Los crímenes de Oxford
Digerido por malabesta Tras los siete minutos de créditos de producción, que si TeleCinco, Canal +, el ministerio de turno, etc., que preceden -y subrayo el preceden- a cualquier película española, "Los crímenes de Oxford" arranca con una escena en la Segunda Guerra Mundial bastante prometedora, seguida de una conferencia un poco peor, tras la que se produce una presentación de personajes no demasiado buena. Continúen ustedes la serie.
Basada en un libro ("Crímenes imperceptibles"), "Los crímenes de Oxford" parece no haberse deshecho muy bien de la discursividad propia de la novela, de manera que la acción de la película, en lugar de ser fundamentalmente visual, es transportada sobre los diálogos de los personajes, que se explican unos a otros -a veces aderezados con un flashback o flashforward- qué es lo que ha pasado, cómo creen que irán las cosas o cuáles son sus sentimientos. Algo así como que la portera te cuente el libro, siempre y cuando los encargados de fregar tu portal sean Elijah wood y John Hurt.

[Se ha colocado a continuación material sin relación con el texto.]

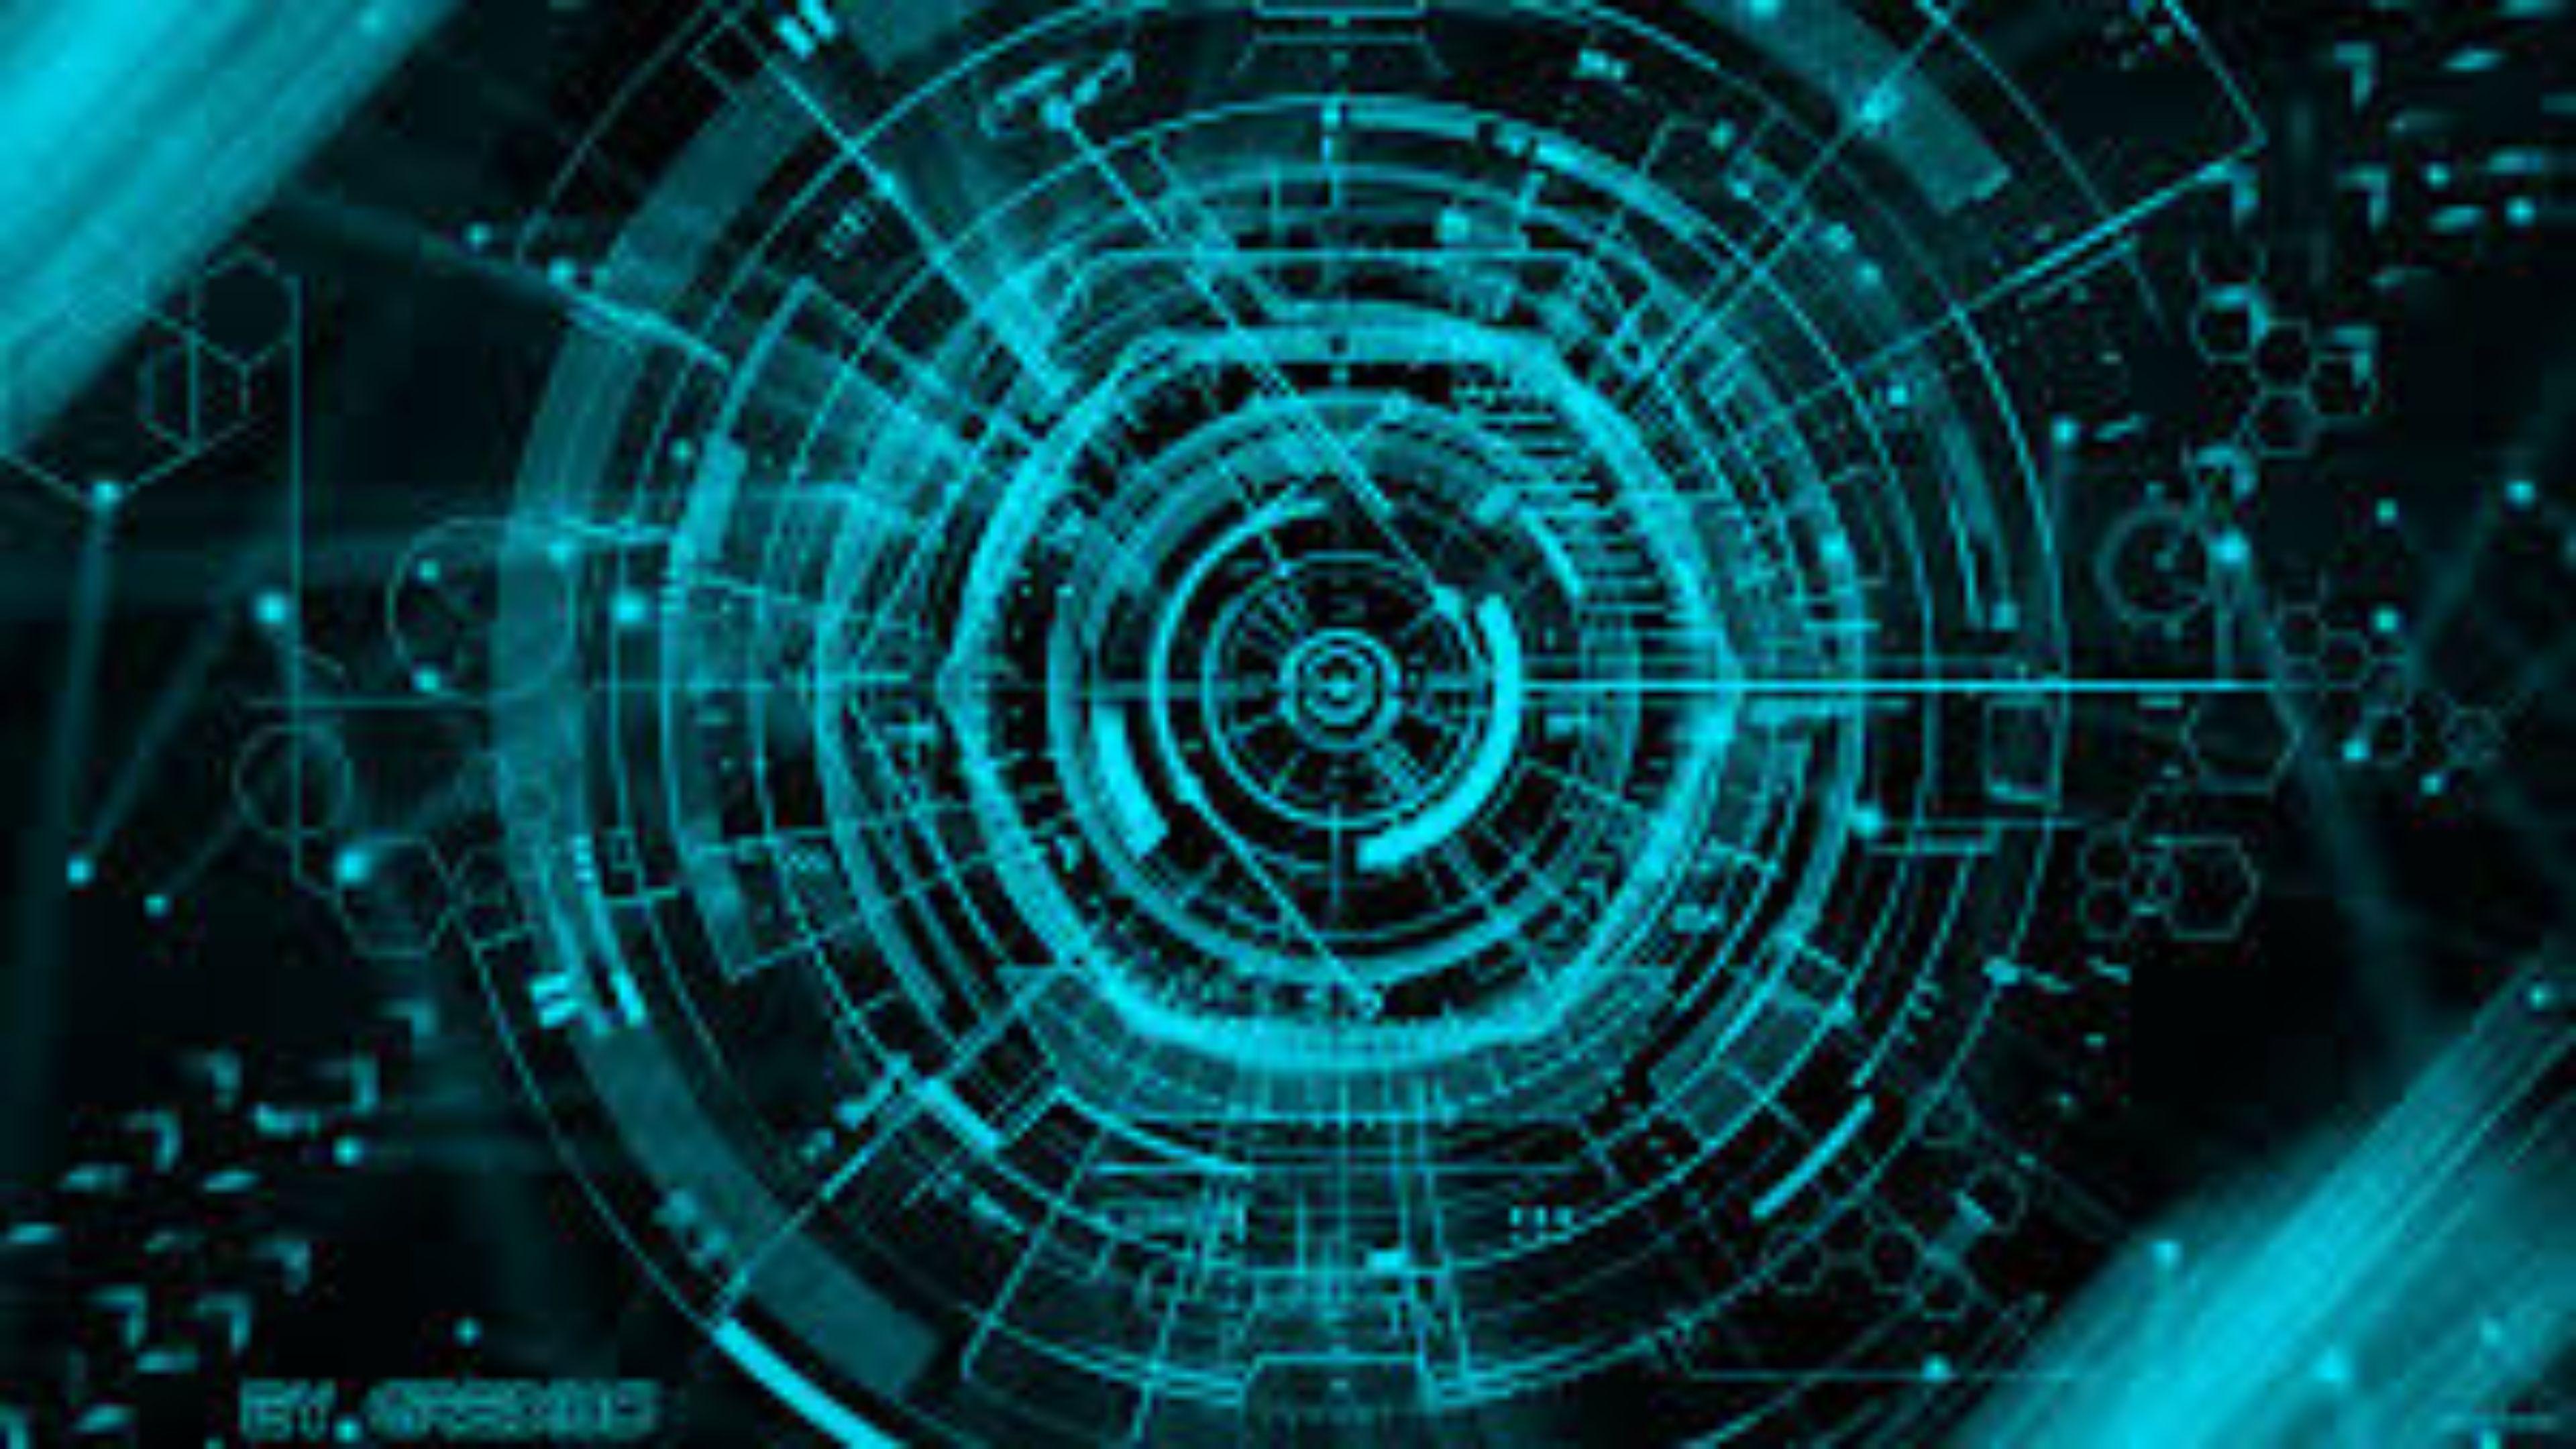 D Wallpaper on Computer wallpaper hd Technology wallpaper Hi 3840x2160

Martin (Eljah Wood) es un estudiante americano, recién llegado a Oxford con la esperanza de terminar su tesis doctoral bajo la dirección de Arthur Seldom (John Hurt), popular, poco paciente e innacesible profesor de matemáticas. Para aumentar sus posibilidades, Martin se aloja en la casa de Mrs. Eagleton (Anna Massey), antigua amiga de Arthur. El destino de ambos, y el del público -al menos durante dos horas- se une cuando aparece muerta en su sillón, al parecer asesinada por un psicópata que sigue una complicada serie lógica que ambos matemáticos intentarán resolver para pararle los pies.
Del director mañoso que colgó a gente del anuncio de Schweppes aún se pueden apreciar algunos detalles, quizá los primeros instantes ambientados en la Segunda Guerra Mundial (con la factura "Salvar al soldado Ryan", un poco más oscura, que ya es clásica para estas situaciones) y luego un largo plano secuencia impostado en el que la cámara sigue a diferentes personajes realizando acciones más o menos inocentes pero que tendrán su peso en la historia y que resulta -probablemente- lo mejor de la película.
La historia en sí, aunque heredada del libro, se convierte en humo al final de la película, que termina con los dos protagonistas ante una reproducción del Pórtico de la Gloria -a la que desde luego no llega- resolviendo la trama de manera dialogada. Se convierte así toda la película en humo y sólo queda un resto de intento de meditación sobre la verdad, el determinismo, el caos y muchos otros conceptos grandilocuentes pero tratados de manera burda y algo simplista.
Los actores tampoco están de órdago. John Hurt cumple con su papel como quien lleva el coche a pasar la ITV, y Elijah Wood se la pasa con un extraño tick: en cuanto a su personaje le pasa algo, se pone a mover la boca como quien habla y no dice nada -así en plan "mi tesoro"-, gesto que resulta no menos misterioso que los asesinatos. Leonor Watling tampoco puede hacer mucho, y aunque desde esta página solemos alzar la voz ante la gratuidad y la escasa necesidad de la escenas de sexo que suelen poblar "nuestras" películas, y el desnudo de Watling (no se apuren, también hay desnudos masculinos indeciblemente más desagradables y gratuitos) en "Los crímenes de Oxford" es gratuito e innecesario, casi viene a ser lo mejor de la película. Y con eso lo digo todo.
En fin, una película de intriga que, aunque no llega al tedio, sí que resulta decepcionante. Recomendada para amigos del sudoku. Q.E.D.